月色穿過窗子,拉長時間和光影。我想起了在卡迪茲度過的無數個夜晚。我對著月亮發誓,要擺脫這樣的生活。

他的體息和我的血腥氣交織在一起。少女初經人事的滋味並不好受,即使他是老手,即使他已非常照顧我的感受。

我的眼淚順著臉頰流在他的手指上。他的眼中浮現出憐愛與疼惜。

“別哭,小姑娘。”他說。

我摟緊他寬厚的肩膀,把臉埋入他的頸窩。

當一切平息,他溫柔地撫摸我的身體。過了一會兒,他的視線落在了床頭那本《四個簽名》。

“喜歡這一本嗎?”他問。

我順著他的視線看過去:“剛讀了一點點。”

“我猜你會喜歡這一本。”他說。然後作勢要起來。

我抓住他的胳膊,可憐巴巴地瞅著他。淚水還沒有完全擦幹,整個人像一只受傷的小獸。

“怎麽了?”他柔聲道。

“你......你能不能別走?”我哀求似的說道。至少在今晚,我不想一個人躺在冰冷的床上入睡。我需要有人陪著我。
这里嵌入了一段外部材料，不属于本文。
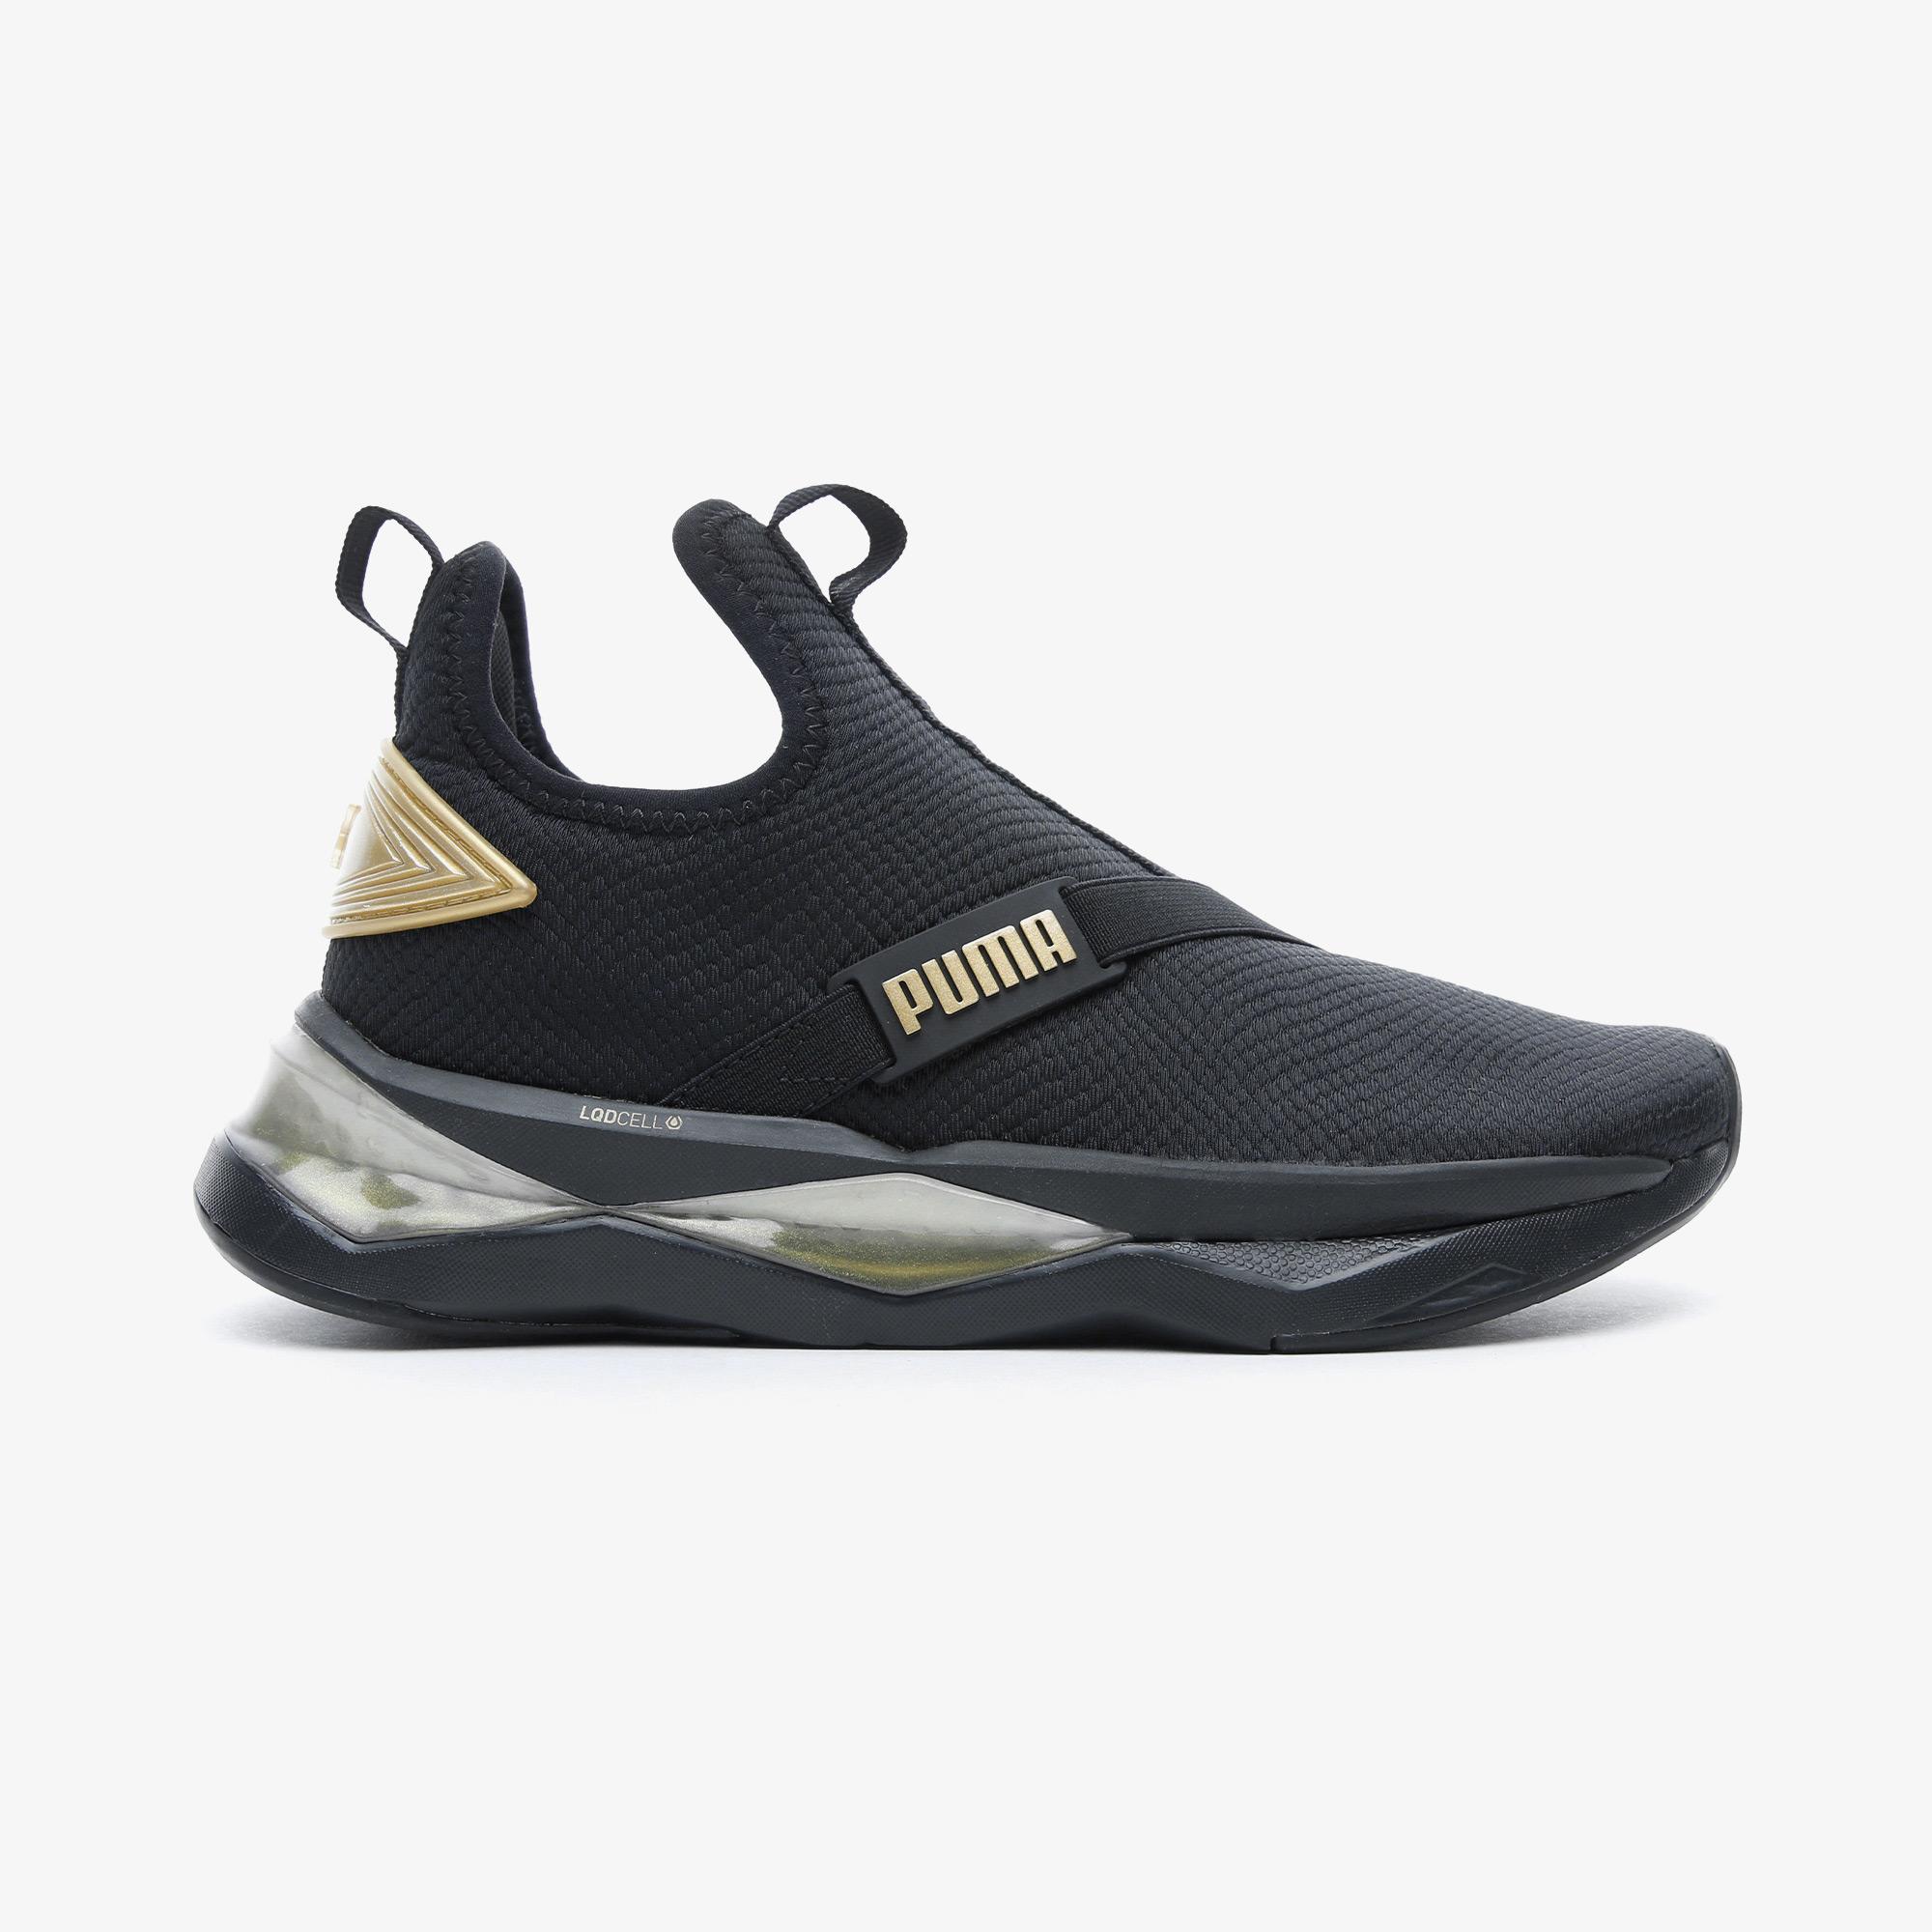 Puma LQDCELL Shatter Mid Kadın Siyah Spor Ayakkabı

“傻孩子。”他笑著親我的臉頰、脖子。“我哪兒都不去——或者你願意與我共浴——”

“啊——”我用被子蒙住腦袋。只聽到他開懷大笑。

我在他懷中安穩地睡了一夜。第二天一早他送我到學校。我主動親吻他,對他說再見。

“放學後我來接你。好嗎?”他說道。

我點頭。連我自己都沒註意到,看向他的眼神中多了幾分依賴。他很滿意這種變化,笑著與我道別。

也許,很多事情都起了變化,很多事情都不一樣了。